SodaStream: Plenty of Growth Left
As with any Israeli company, the threat of war in the Middle East always causes investors to pause on investments in the region. Recent threats of military action in neighbor Syria only add to those fears. Possibly this is part of the reason that, despite all the positive news, SodaStream (NASDAQ: SODA) continues to trade at market low multiples, even compared to slower growing Green Mountain Coffee Roasters (NASDAQ: GMCR) and Monster Beverage (NASDAQ: MNST).
While threats of war probably won't ever go away, the market for home beverage machines has plenty of catalysts to reach its goal of $1 billion in revenue by 2016.
One big question that can't really be answered is whether being headquartered in Israel causes a stock such as SodaStream to trade at a discount. The impact from a war in Israel could be great, with nine of the company's 22 facilities located in that country. The company does operate six manufacturing plants outside of Israel, which provides some ability to continue producing products regardless of a war situation. Importantly, a large portion of SodaStream's consumables are manufactured outside of Israel, with a syrup facility in the US and CO2 filling plants mostly in safe regions. Naturally, the company's sales aren't dependent on Israel, but war would greatly hamper its ability to manufacture new soda machines. With only 38% of sales from soda maker starter kits reported for Q2, war would harm the company, but it could possibly offshore manufacturing to third parties as well.
The question of whether SodaStream trades at a discount due to the Israeli fears is apparent. Both Green Mountain and Monster Beverage trade at higher forward multiples, yet offer well-documented lower growth potential. See the below forward P/E chart:
Even more interesting, the adjusted EPS for SodaStream would place its forward multiple closer to 16.
Other success stories
If not for the threat of war in Israel, the other main fear is always that SodaStream can't compete against Pepsi or Coca-Cola. Investors argue that these megacap stocks will eventually stall growth at SodaStream via competitive pressures. That same argument didn't pan out with Green Mountain or Monster Beverage.
Green Mountain turned the stale coffee business on its head by developing a home brewing system loved by consumers. As with SodaStream, the market has long expected a larger competitor to crush Green Mountain. Because of patents and first mover advantage, the company has been able to keep competition at bay. Green Mountain now sports revenue of more than $4 billion, yet it still generates revenue growth in excess of 10%.
Monster Beverage revolutionized the energy drink market under the Monster Energy brand. Despite massive competition from other start ups and some of the behemoths in the beverage industry, it has revenue in excess of $2 billion with revenue growth of around 10%. SodaStream even competes against Monster, now that it offers energy drinks made via the carbonated soda machines.

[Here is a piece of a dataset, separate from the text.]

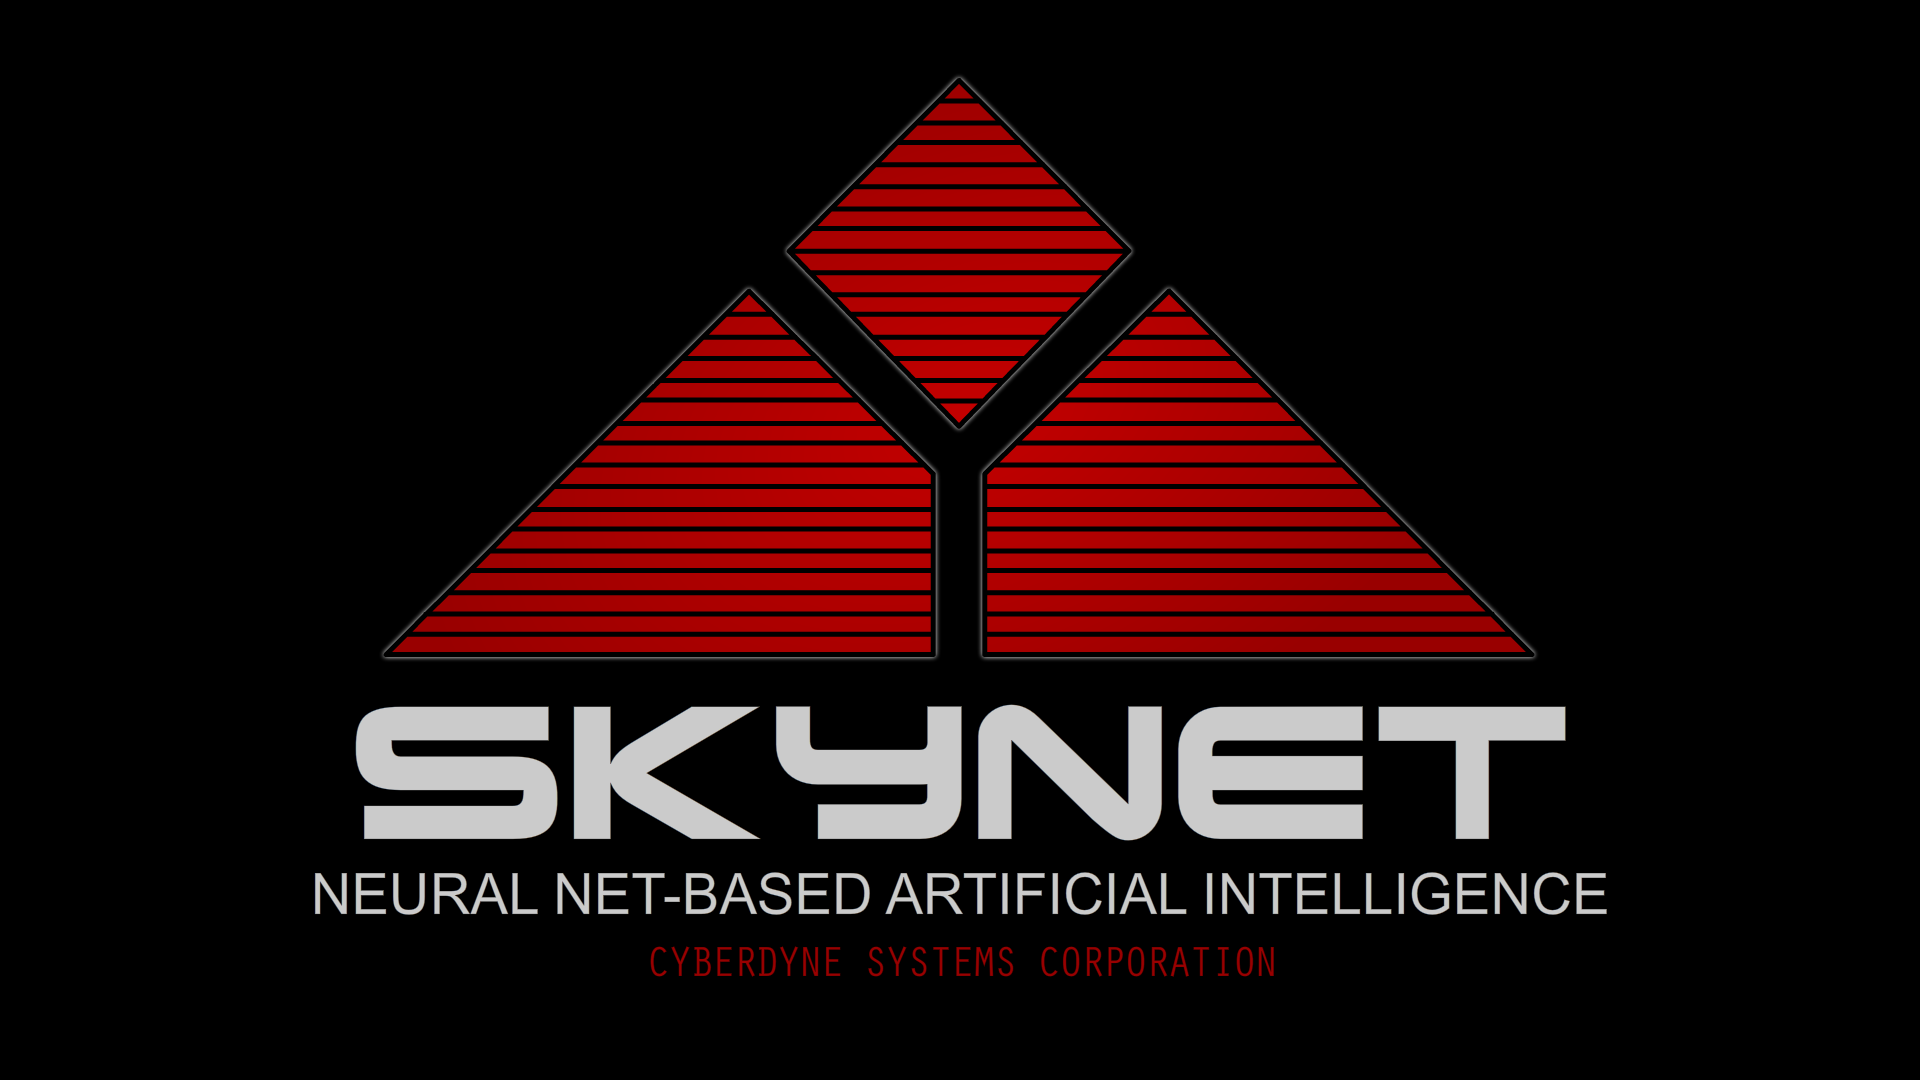 image from ApocalypsAI: Skynet not needed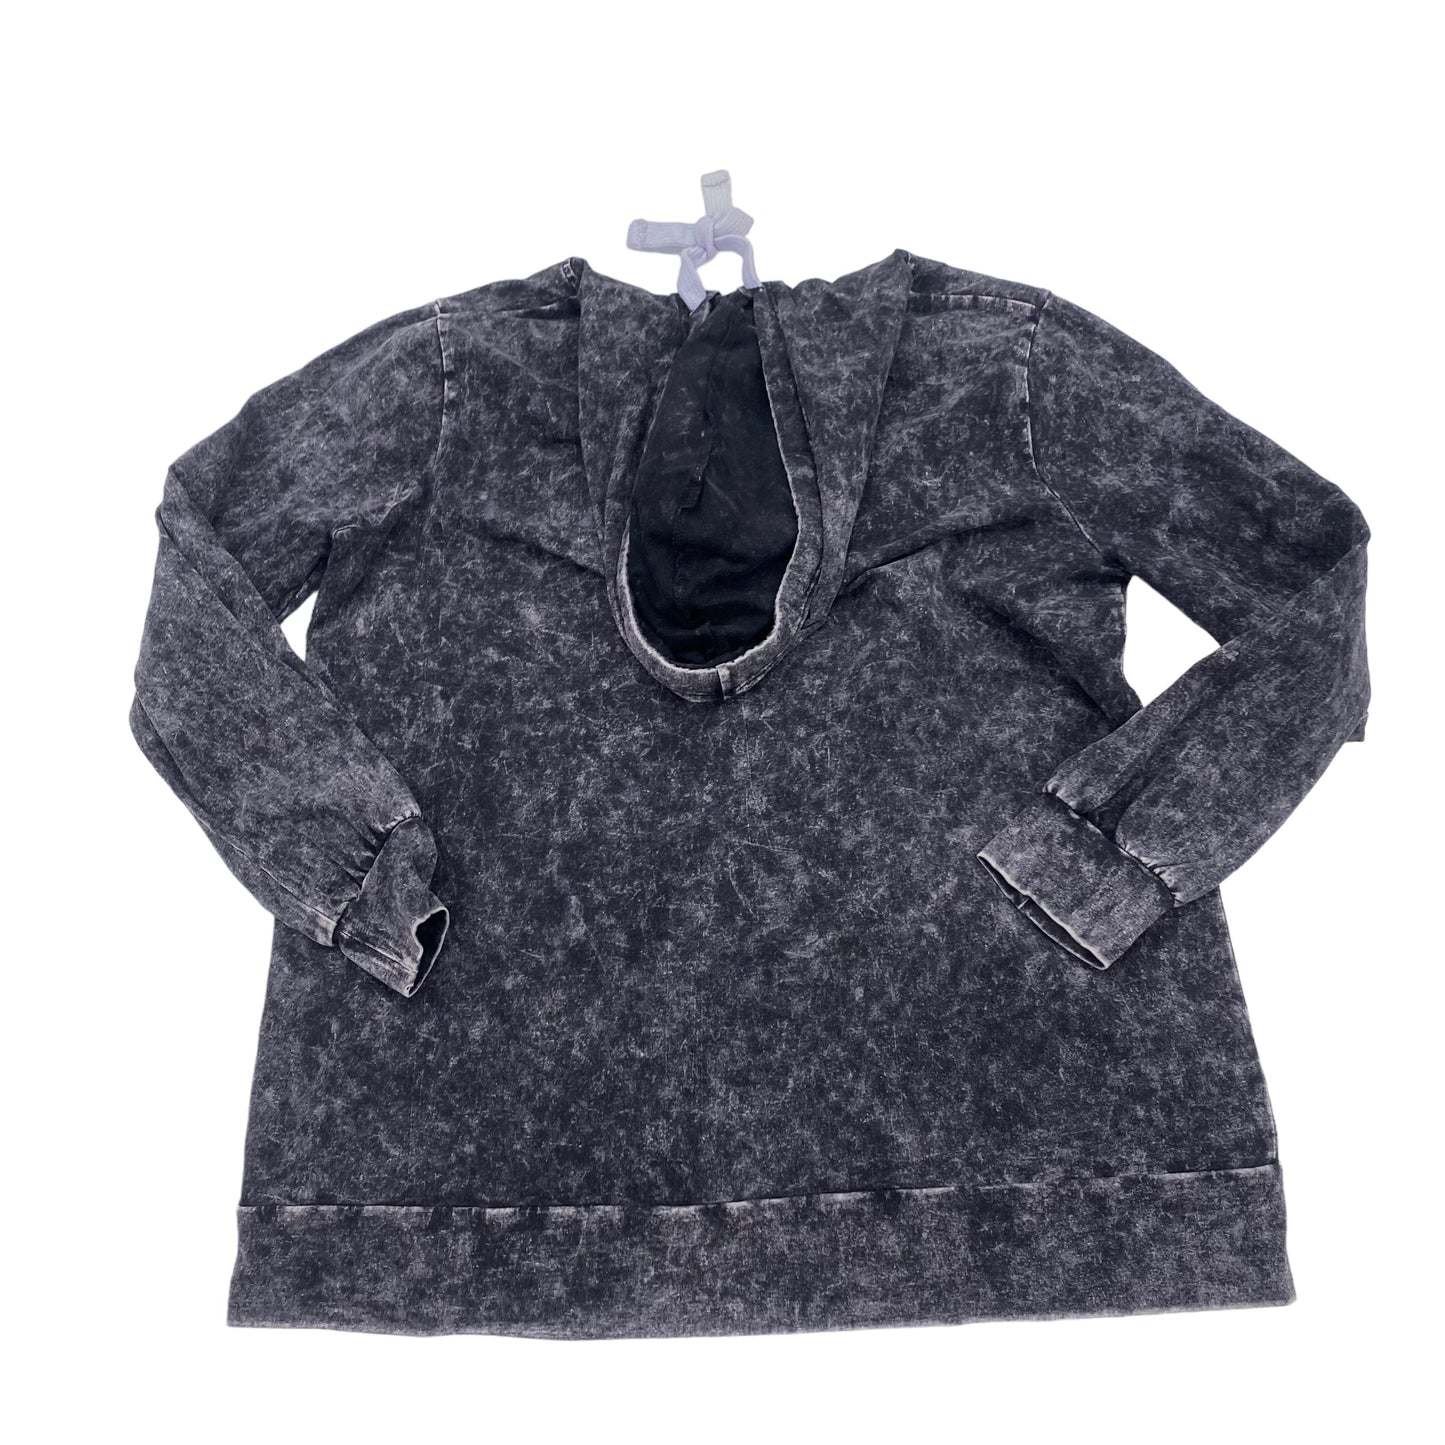 Sweatshirt Hoodie By Zenana Outfitters  Size: Xl

With the success of both Monster Beverage and Green Mountain easily exceeding multi-billion revenue levels, the SodaStream target of reaching $1 billion in sales by 2016 appears less and less in doubt due to vast catalysts.
Plenty of catalysts
The roll out of the SodaCaps concept could be a major step forward in growth. This product, in a way, mimics the single-serve concept that made Green Mountain so successful and revolutionized the coffee industry. Providing consumers the ability to make single-serve sodas could be a killer product that places SodaStream further ahead of mostly non-existent competition.
The other major catalyst would be the potential for vast growth from penetrating the Americas. With a 1% household penetration rate in the US market and no sales from Mexico, SodaStream has years of growth ahead in the two largest soda markets. The company's revenue for the Americas region only reached $47 million in Q2. This could quickly become a $500 million market based solely on moving the US market penetration rate to 3%. Other regions, such as Europe and Asia, already account for more revenue, and even slow growth could quickly push those regions to $500 million in annual revenue by 2016 if not earlier. Note that the well-established Western Europe region grew revenue year-over-year by 26% during Q2.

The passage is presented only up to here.